Ladrón sodomita, hijo de cortesana te aborrezco tanto como amo
a lo que me robaste, a tu motín…
Sé que finges ser feliz con ella y, en serio, sé feliz (por el momento lo eres);
si Dios existe, te hará pagar cada lágrima que derramé.
¿Por qué me tuviste que robar a mí?
Tú bien sabías que la quería y tú dices quererla ahora…
te apuesto que ni siquiera la amas como yo la amé tantas veces.

Ladrón sodomita, hijo de cortesana,
podrás ser feliz con tu motín. Sélo.
Podrás tomar de ella lo que quieras y tómalo…
podrás tener, ahora, sus besos, sus dedos, sus labios, sus caricias,
sus perlas, sus ojos, su cuerpo… pero ella jamás te volverá a dar
lo que me dio a mí hace un tiempo, antes de que llegaras a nuestras vidas.
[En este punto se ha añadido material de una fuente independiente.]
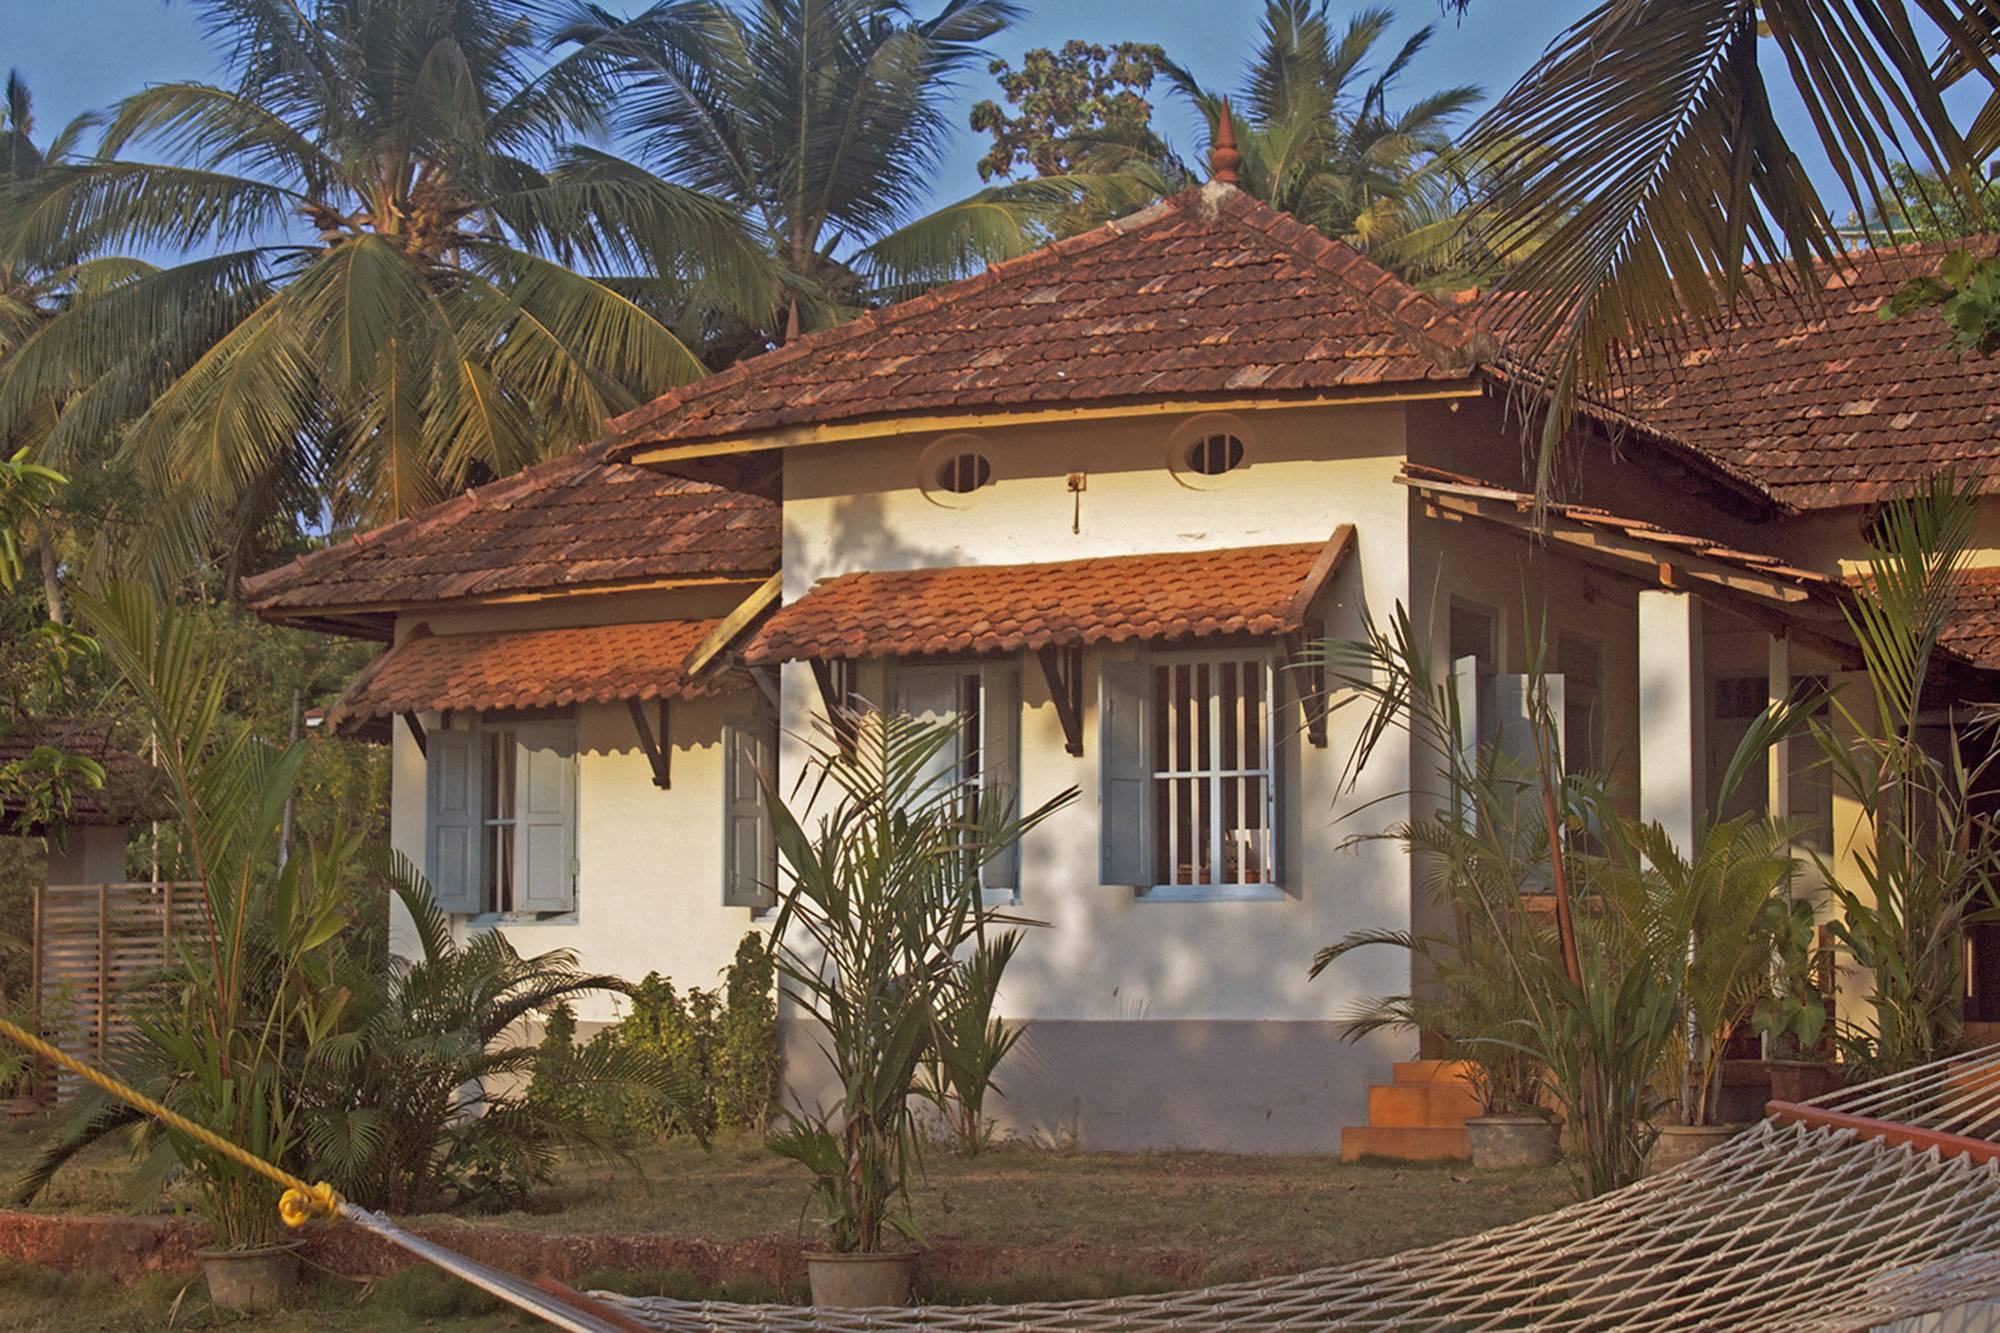 https://www.soulandsurf.com/wp-content/uploads/2021/09/Retreatsindia-images-SoulSurf-3.jpg

No, no ladrón, no lo tendrás, y éste será tu pesar, tu dolor:
que yo, que sí la quiero, lo haya tomado y tú que dices quererla no.

Ésa es justicia no divina, ladrón,
quizá ella ya no vuelva conmigo nunca,
y quizá siga contigo mucho tiempo, pero jamás, en dos vidas,
tendrás lo que yo tomé alguna vez, ése puede ser mi consuelo,
sin embargo no lo es, pero es tu pesar, a cualquier ladrón le dolería.

Ladrón me la quitaste sin honor,
se enamoró de ti, sí, pero jamás tomarás de ella
lo que yo tomé de sus labios y de su piel, con amor.